Burn-in (“screening”) testing (BIT) is aimed at the detection and elimination of infant mortality failures. BIT could be viewed as a special type of manufacturing FOAT (MFOAT). It is needed to stabilize the performance of the device in use. The rationale behind the BIT is based on a concept that mass production of electronic devices generates two categories of products that passed the formal QT: 1) robust (“strong”) components that are not expected to fail in the field, and 2) relatively unreliable (“weak”) components (“freaks”) that, if shipped to the customer, will most likely fail in the field.
BIT is supposed to stimulate failures in defective devices by accelerating the stresses that will most definitely cause these devices to fail. BIT is not supposed to appreciably damage good, “healthy” items. The bathtub curve of a device that underwent BIT is expected to consist of the steady state and wear-out portions only. BIT can be based on high temperatures, thermal cycling, voltage, current density, high humidity, etc. BIT is performed by the manufacturer or by an independent test house. Clearly, for products that will be shipped out to the customer, BIT is a nondestructive test.
BIT is expensive, and therefore, its application must be thoroughly designed and monitored. BIT is mandatory on most high-reliability procurement contracts, such as defense, space, and telecommunication systems; i.e., Class II and III products. Today, BIT is often used for Class I products as well. For military applications, BIT can last as long as a week (168 hr.). For commercial applications, BITs typically do not last longer than two days (48 hr.).

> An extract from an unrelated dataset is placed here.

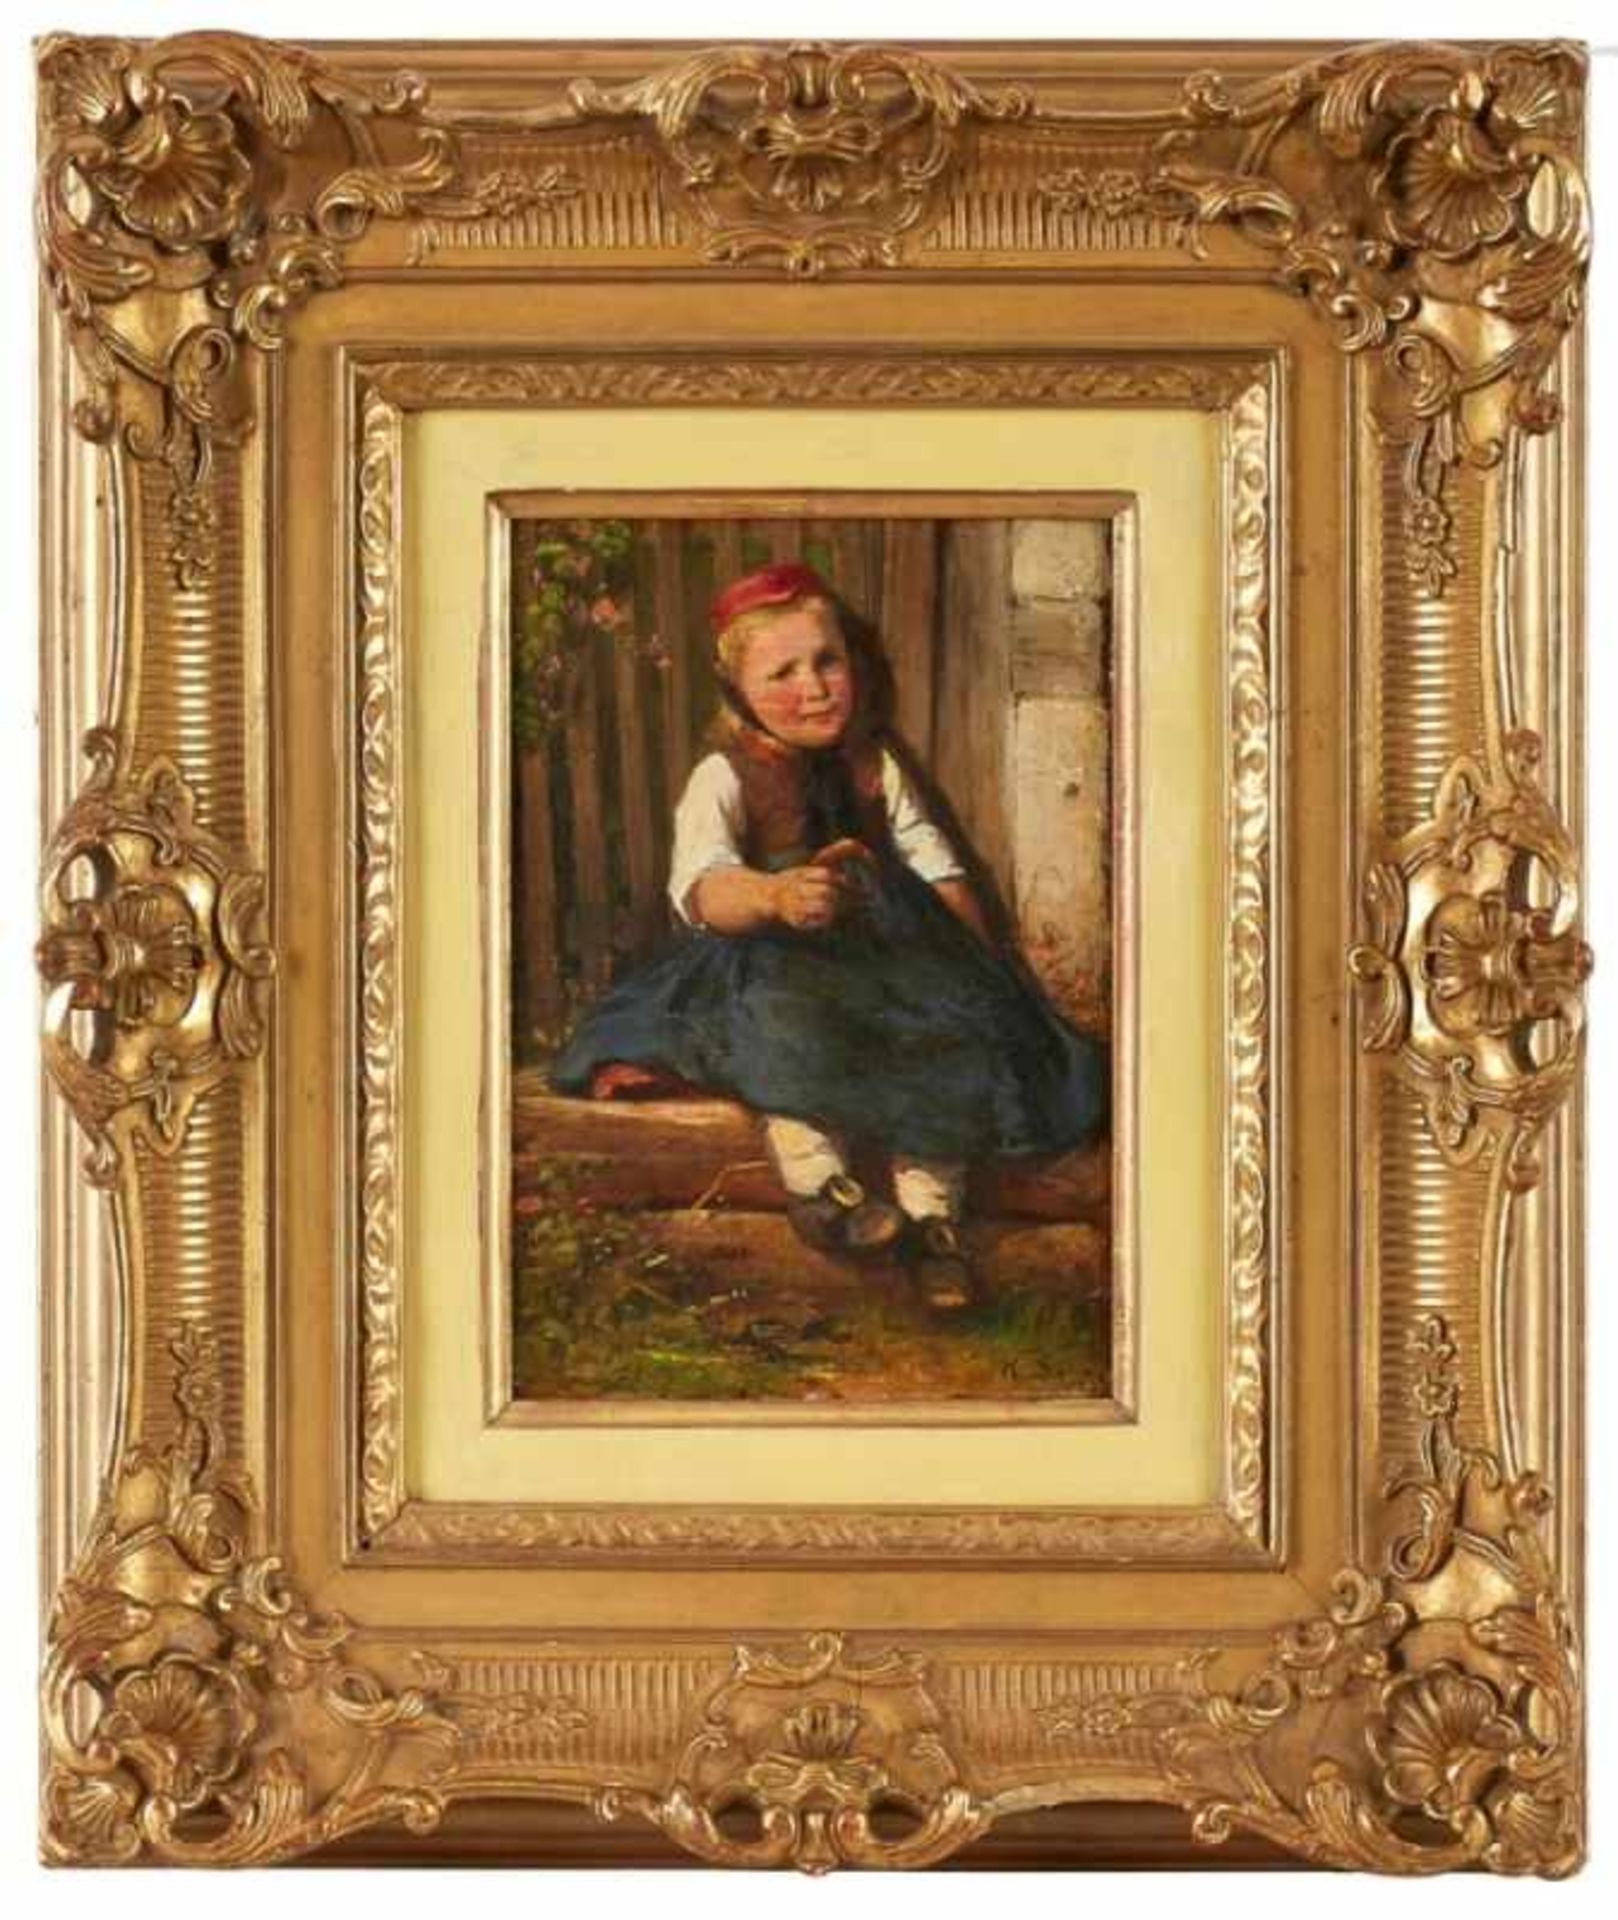 Gemälde Karl Rudolf Sohn1845 Düsseldorf - 1908 Düsseldorf Genremaler, Schüler seines Cousins, dem

Optimum BIT conditions can be established by assessing the main expected failure modes and their activation energies, and from analysis of the failure statistics during previous BIT. Special investigations are usually required to ensure cost-effective BIT of smaller quantities is acceptable.
A cost-effective simplification can be achieved if BIT is applied to the complete equipment (assembly or subassembly) rather than to an individual component, unless it is a large system fabricated of several separately testable assemblies. Although there is a possibility some defects might escape the BIT, it is more likely that BIT will introduce some damage to the “healthy” product or might “consume” a certain portion of its useful service life: BIT might not only “fight” the infant mortality, but also accelerate the very degradation process that takes place in the actual operation conditions. Some BIT (e.g., high electric fields for dielectric breakdown screening, mechanical stresses below the fatigue limit) is harmless to the materials and structures under test, and does not lead to an appreciable “field life loss.” Others, although not triggering new failure mechanisms, might consume some small portions of the device lifetime. In lasers, the “steady-state” portion of the bathtub diagram is, in effect, not a horizontal, but a slowly rising curve, and wear-out failures occupy a significant portion of the diagram.
FOAT cannot do without simple and meaningful predictive models.5,6 It is on the basis of such models that one decides which parameter should be accelerated, how to process the experimental data and, most important, how to bridge the gap between what one “sees” as a result of the AT and what they will possibly “get” in the actual operation conditions. By considering the fundamental physics that might constrain the final design, PM can result in significant savings of time and expense and shed light on the physics of failure. PM can be very helpful also to predict reliability at conditions other than the FOAT. Modeling can be helpful in optimizing the performance and lifetime of the device, as well as coming up with the best compromise between reliability, cost-effectiveness and time-to-market.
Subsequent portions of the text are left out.